What happens when they come out and ask you questions about things, honest answers to which would not really be discreet. For instance, you could have departed from your previous job rather in a hurry to leave behind an unpleasant boss or maybe a workplace romance that didn't turn out well. If you bare your soul about the real reason you had to leave the job behind, it will make you look unprofessional. Spinning and fudging a little bit would only make you discreet, not untruthful. You can say that the team play at a previous workplace was not what you had hoped for, but you don't have to go into specifics. It's important to use whatever office parlance is in vogue at the time. The phrase 'culture and personality match' just happens to go over well these days.

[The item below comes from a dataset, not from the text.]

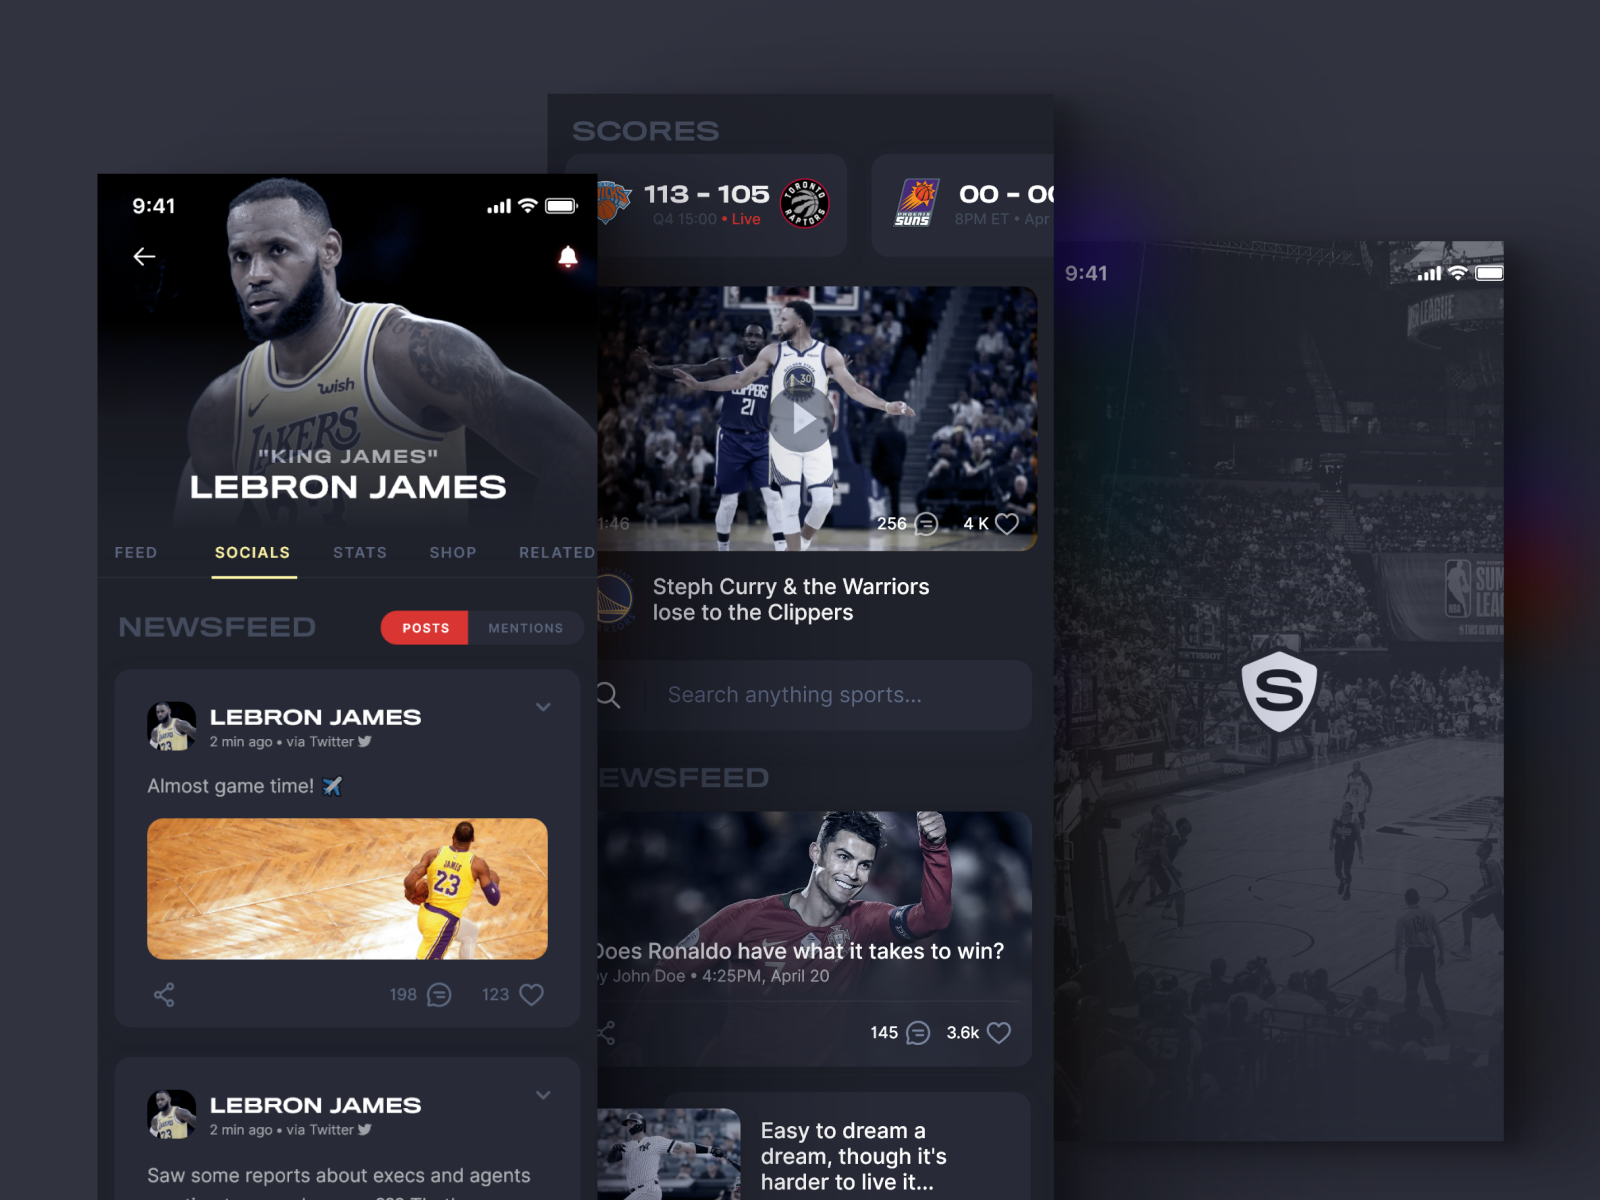 Sports News/Media App UI - Live Scores, Games, Articles, & more | VIP Graphics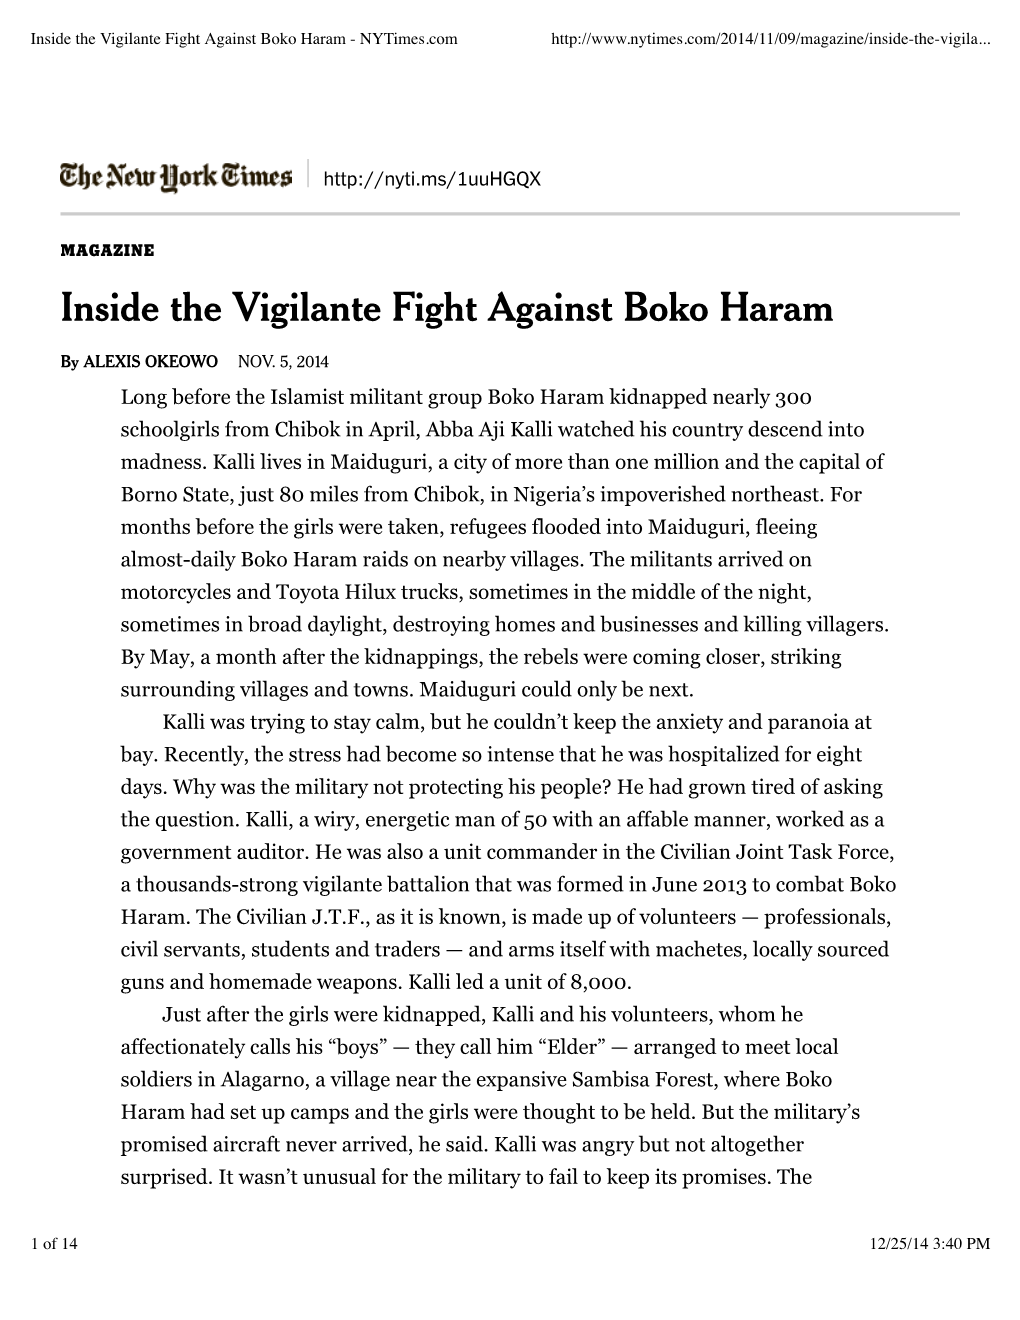 Inside the Vigilante Fight Against Boko Haram - Nytimes.Com

Sometimes, what you would be tempted to think of as a negative could actually work to your advantage if you try to not hide it. For instance, if you had to take five years off to raise your infant children well enough that they could take care of themselves in kindergarten, this is a way to drop out of work that is actually approved of these days. Raising children is a lesson in extreme patience, and these are skills that your employer could possibly use. Unless the sabbatical you took was to lie about at home and watch TV, you could actually spin it to make it sound really good, as it undoubtedly is. Traveling the world, taking care of a sick parent, raising your children, all are considered valid reasons to need to drop out of work for. Just make sure that you don't call it "stayed back at home". Stress the skills you learned while you did so - raising young children to be strapping and strong.